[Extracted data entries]
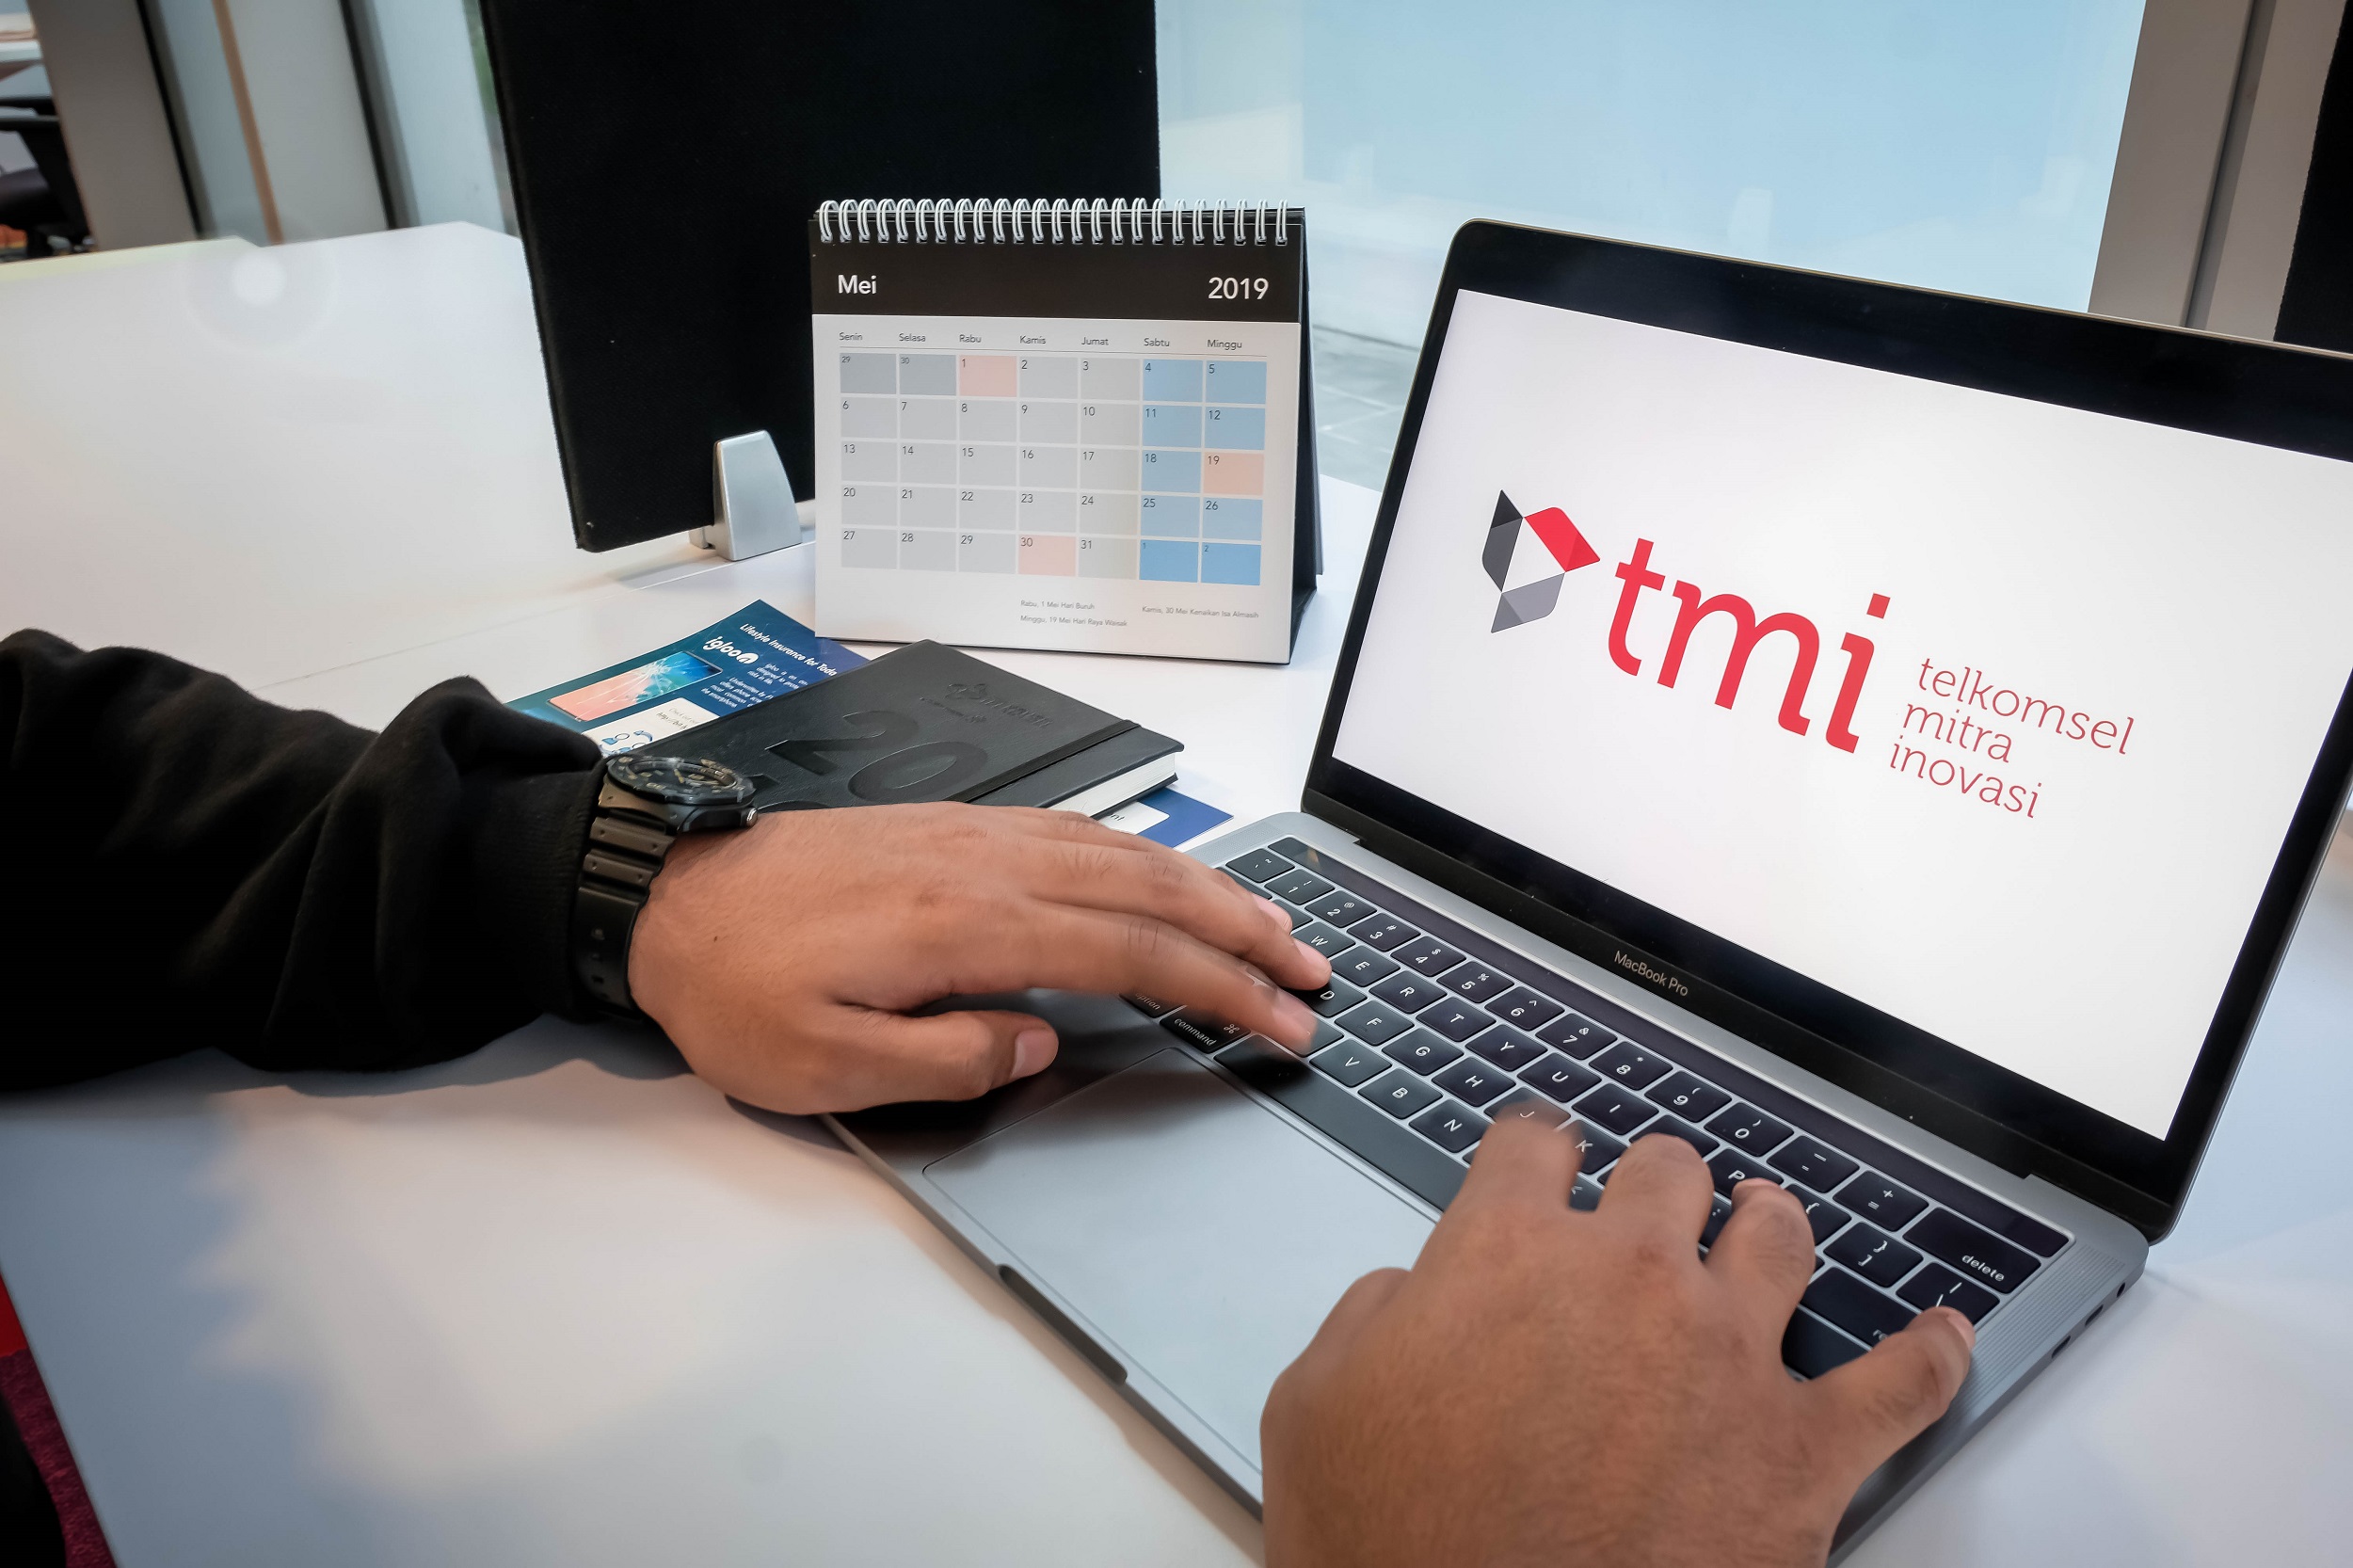 Ilustrasi: Telkomsel mempertegas komitmennya untuk mengakselerasi kemajuan negeri dengan  memulai aksi di bidang strategic investments menyentuh perkembangan ekosistem teknologi Indonesia pada sektor teknologi, media dan telekomunikasi melalui anak perusahaan baru bernama Telkomsel Mitra Inovasi (TMI).   
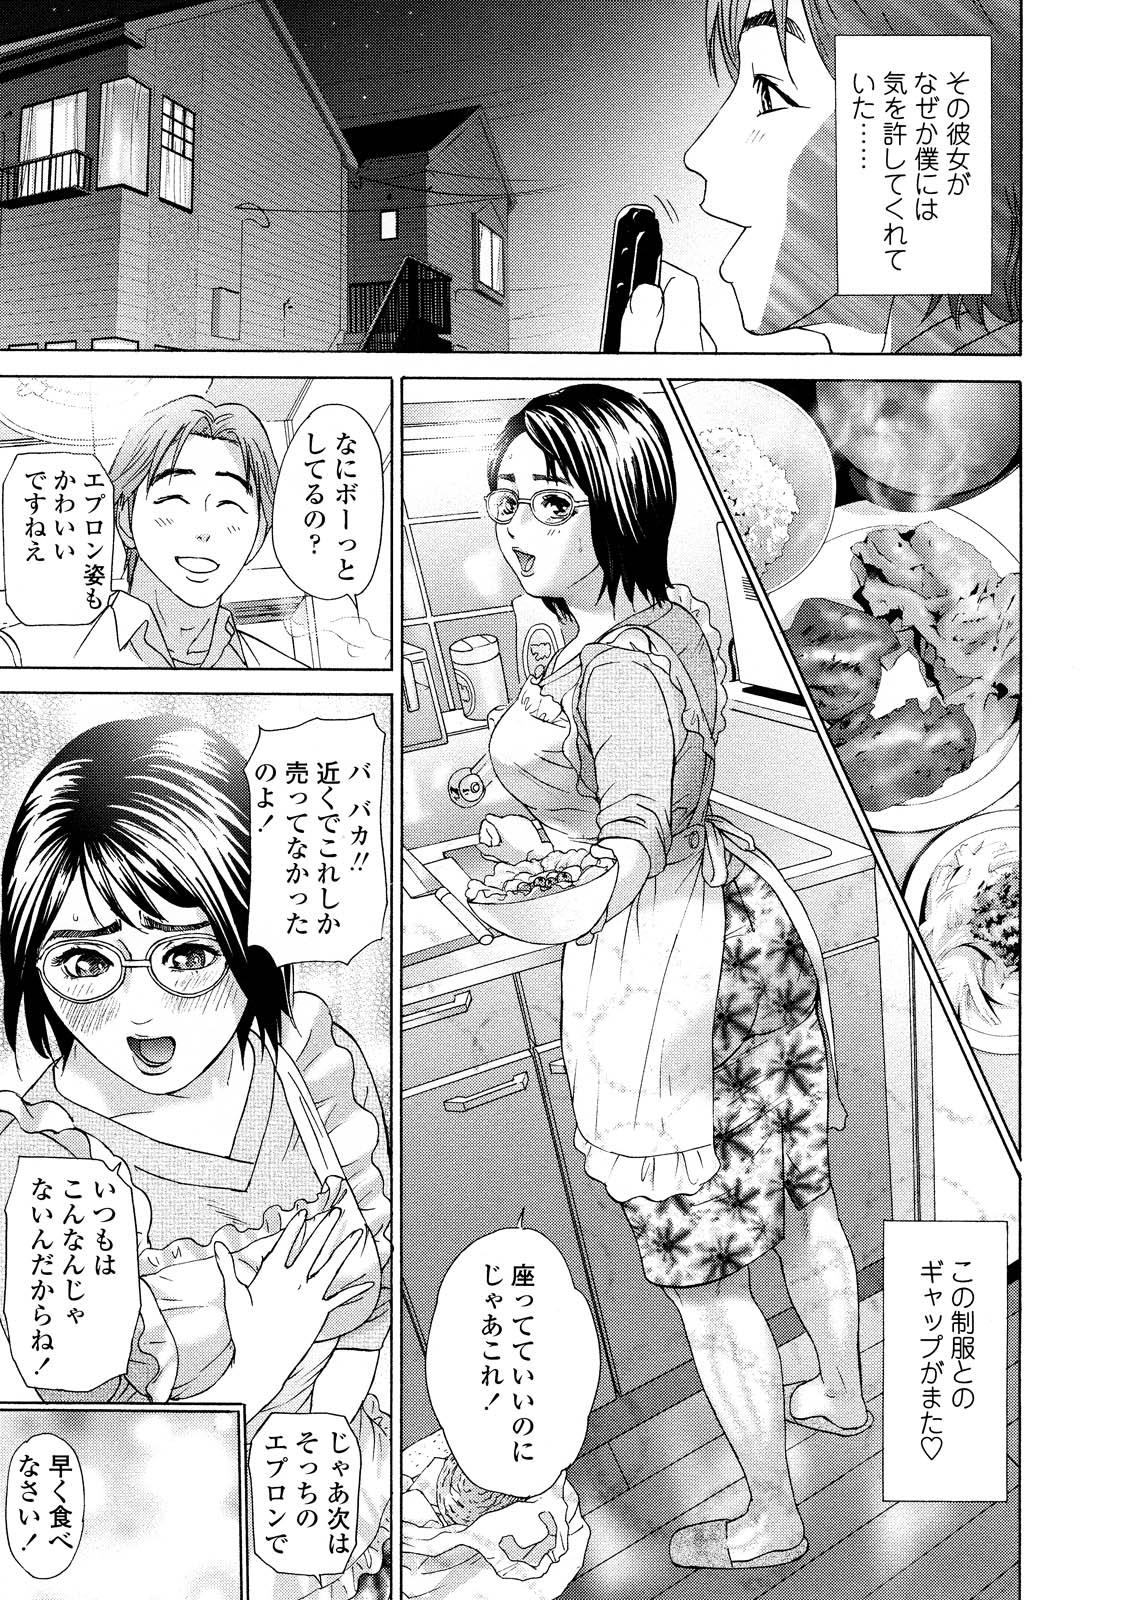 18 Year Old Asemizu Onna Girlfriend - Page 9
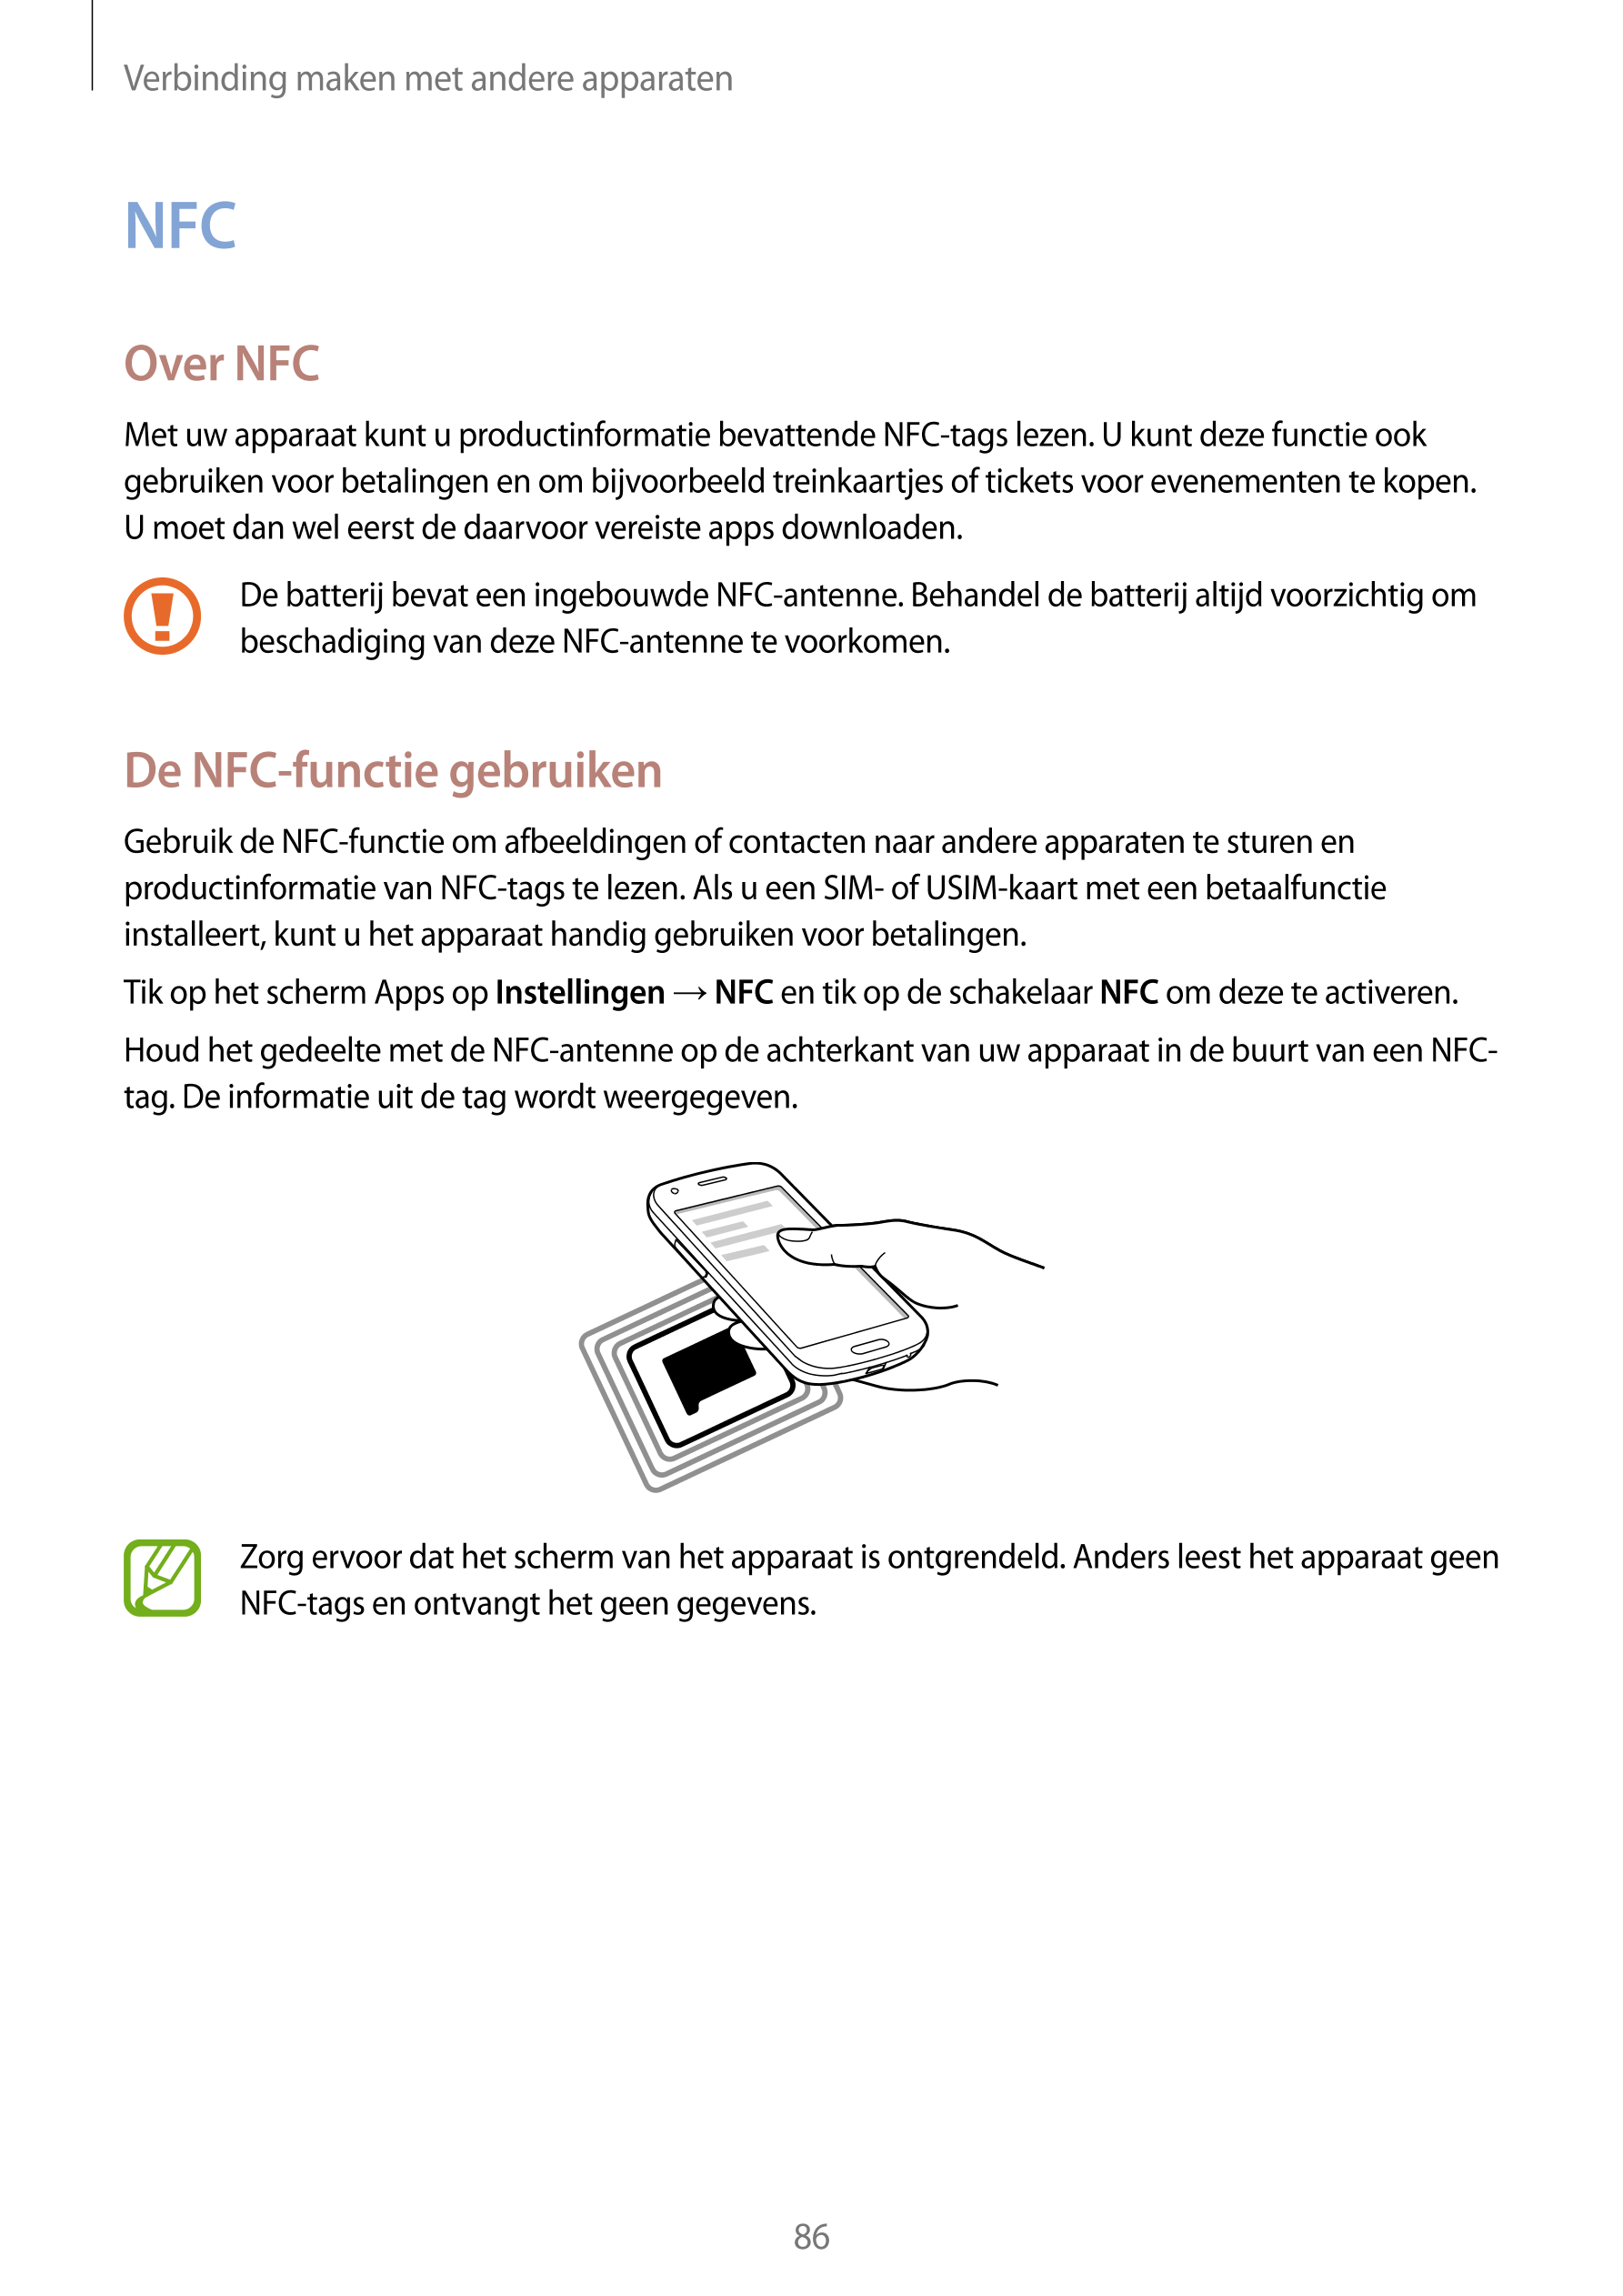 Verbinding maken met andere apparaten
NFC
Over NFC
Met uw apparaat kunt u productinformatie bevattende NFC-tags lezen. U kunt de

→ **Work to complete**
A faithful copy of every record is needed here. Leave the images out of it.

→ **Result**
 Ilustrasi: Telkomsel mempertegas komitmennya untuk mengakselerasi kemajuan negeri dengan  memulai aksi di bidang strategic investments menyentuh perkembangan ekosistem teknologi Indonesia pada sektor teknologi, media dan telekomunikasi melalui anak perusahaan baru bernama Telkomsel Mitra Inovasi (TMI).   
 18 Year Old Asemizu Onna Girlfriend - Page 9
 Verbinding maken met andere apparaten
NFC
Over NFC
Met uw apparaat kunt u productinformatie bevattende NFC-tags lezen. U kunt de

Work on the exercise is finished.